The note that Beirut tags on at the end of ‘Akká, I think it should say that there is no morality without a surplus. I don’t know how Beirut would put this. Despite everything he’d gone through, Pasha somehow had more than he needed, and to his credit was struggling to give some of it to others. Beirut, on the other hand, is just sorry and falling far short … there’s a note of belligerence in her admission, though—she knows that as soon as she hits her stride she’ll blow him right out of the water.

– Radio-Guinée plays voodoo music 24-7
www.mcm.net?


I feel like I’ll have little to say during the weeks I spend at Farhad’s. Very little genuine stimulus asides Disney movies. Strikes me as funny, though, that when I go to foreign countries, my notebooks always fill up more with my own fiction, &c., then with material on the place I’m actually in. I must be pretty oblivious. I see everything through a filter of my own imagination.

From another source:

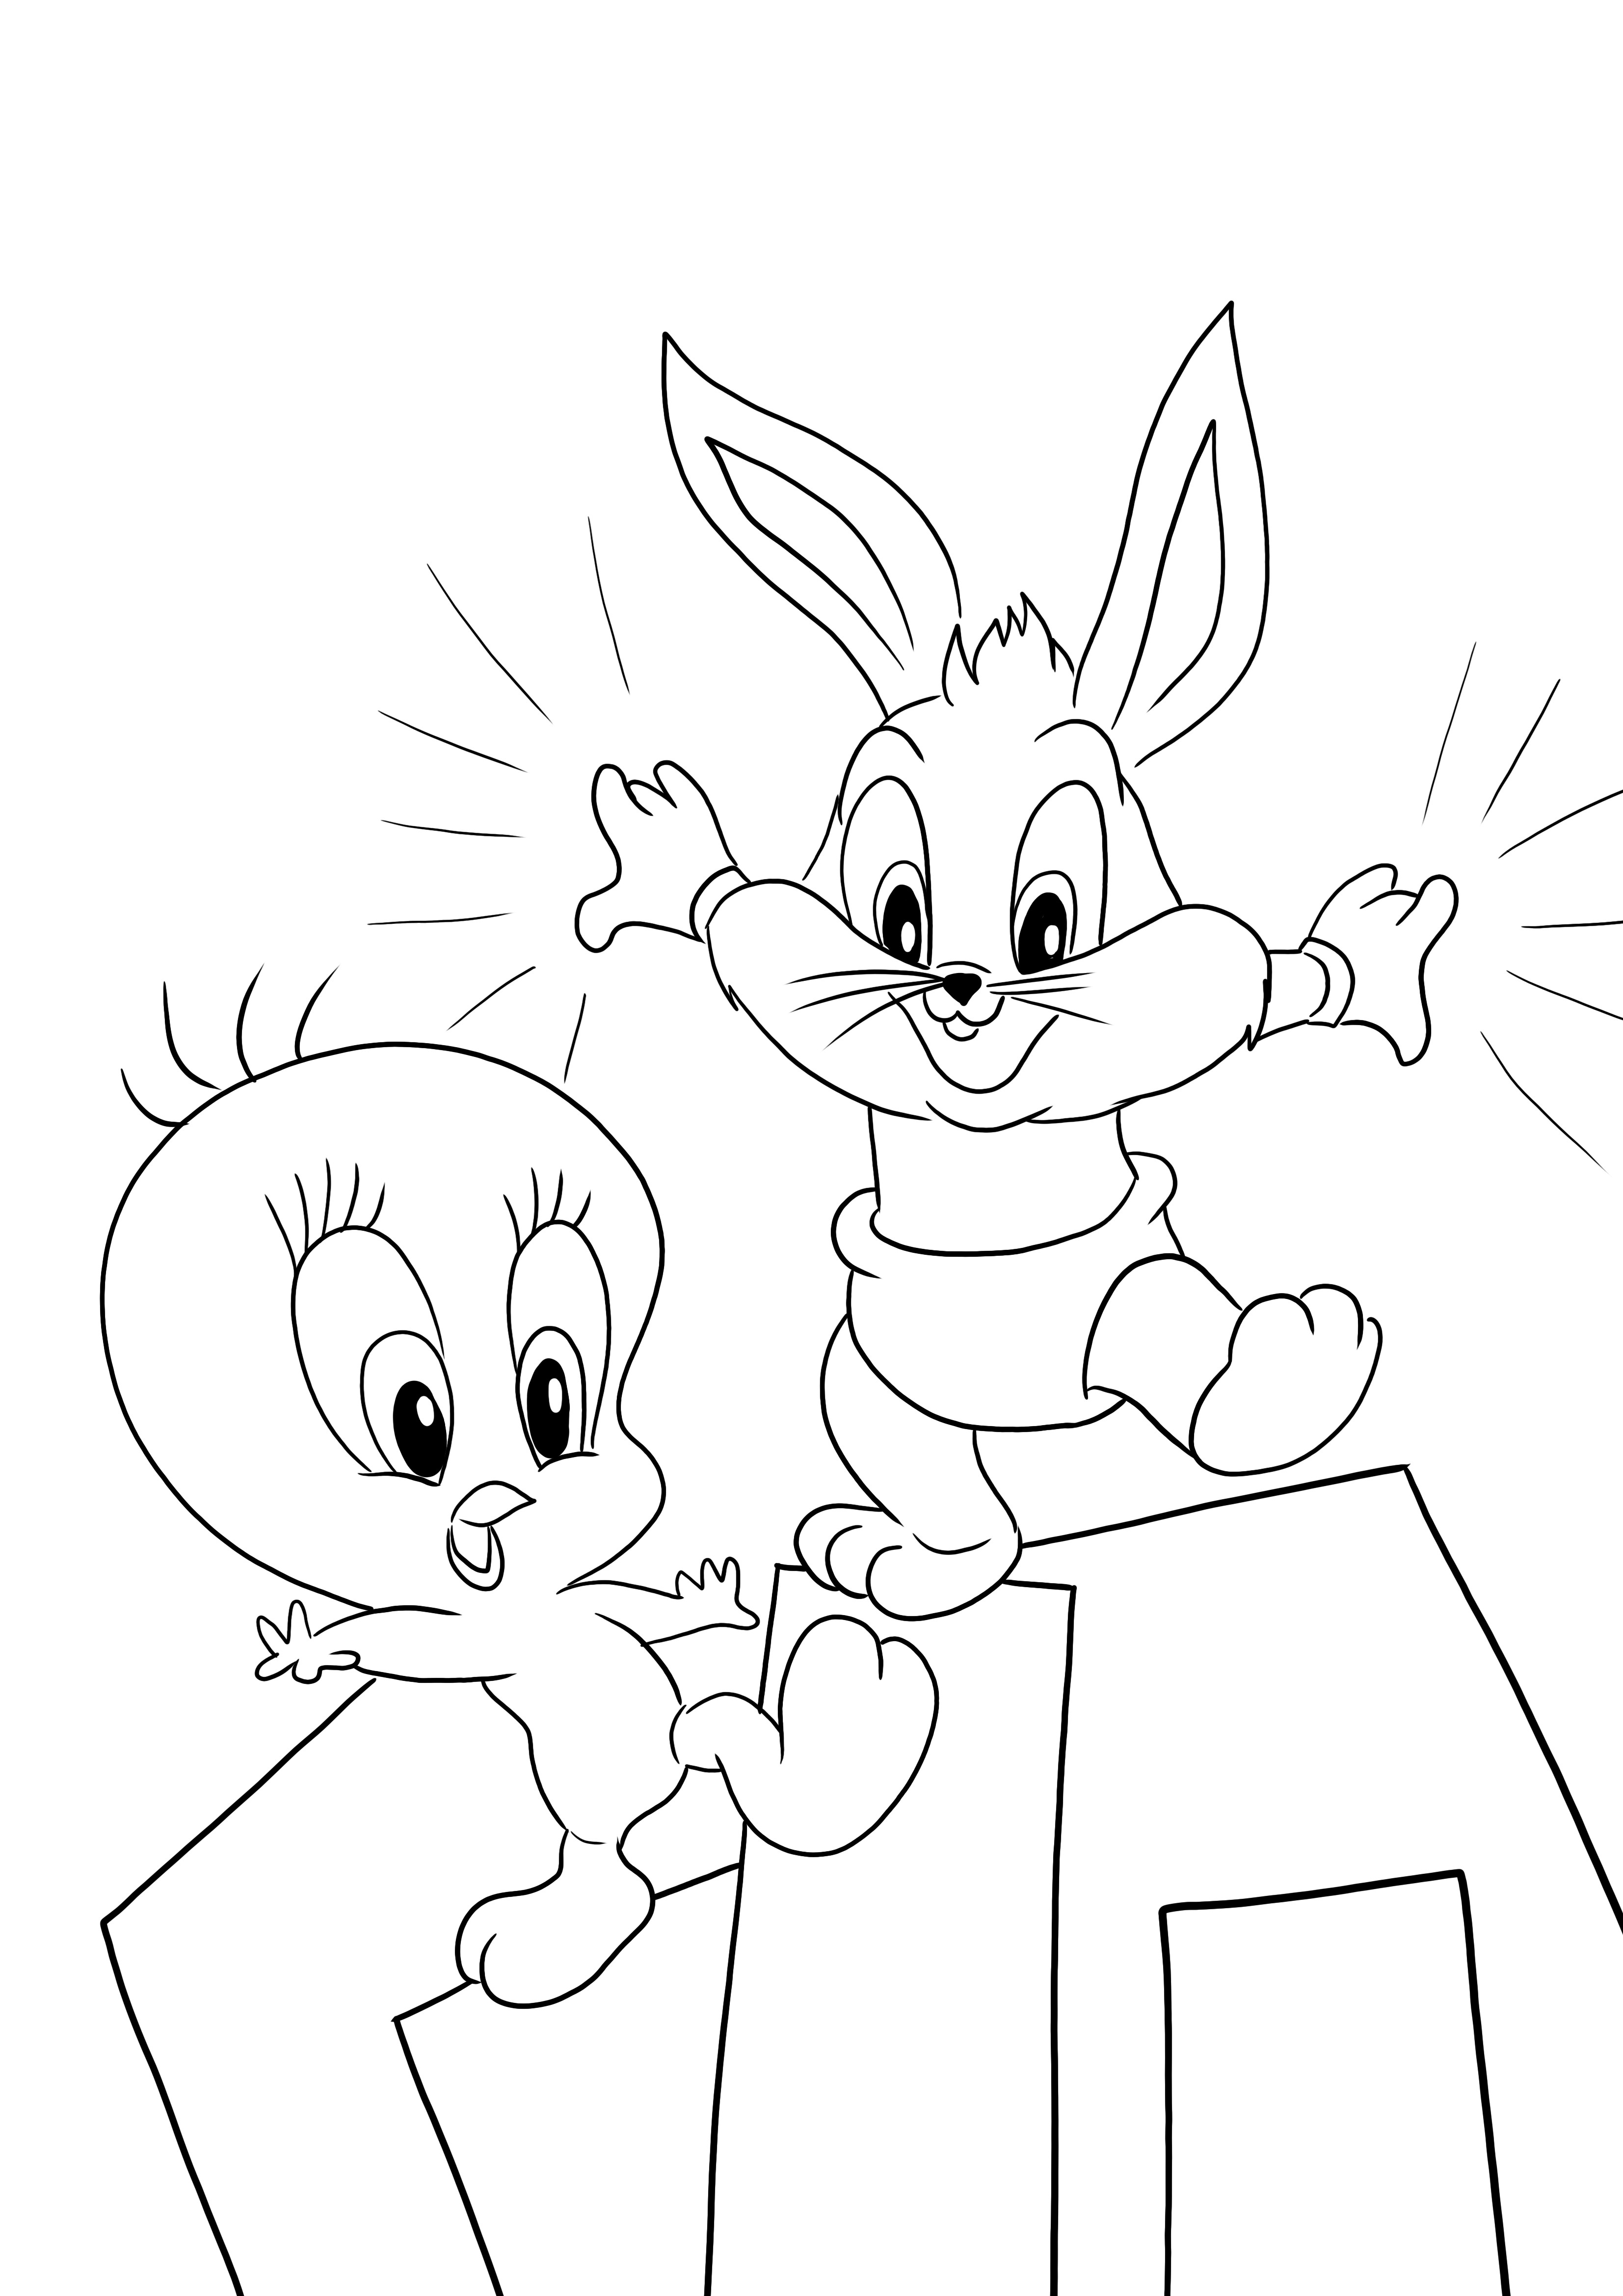 Tweety i Królik Bugs z Baby Looney Tunes do wydrukowania i pokolorowania za darmo

[Missing a half page: sketches of paintings for The Patchwork Girl of Oz, and the beginning of my description of Risson]

with a chip missing from his front teeth. Streetwise: he took perfect care of me on the trip up and now that we’re here he makes jokes about me in Creole for his friends. He always enters a room singing at the top of his lungs.

Fanfan is quieter, drooping eyes and a long nose somehow commensurate with his being a brilliant drummer. He slides his forefinger around the hide as he plays, making the tamtam talk. He always sits beside his walkman, and this morning I turned around to see him and Winzeler with their hands to their hearts for the national anthem.

[Fanfan in a “Mr. Dope Manners” T-shirt, and a half-erased sketch of Myriame]

Myriame has the backswept profile of an ancient Egyptian child. She’s the intelligent, capable, sweet older sister of an obnoxiously beautiful girl, Christelle, who in turn wears prim glasses and shoulder pads at the age of 18. 2nd generation Bahá’ís. I don’t really get it.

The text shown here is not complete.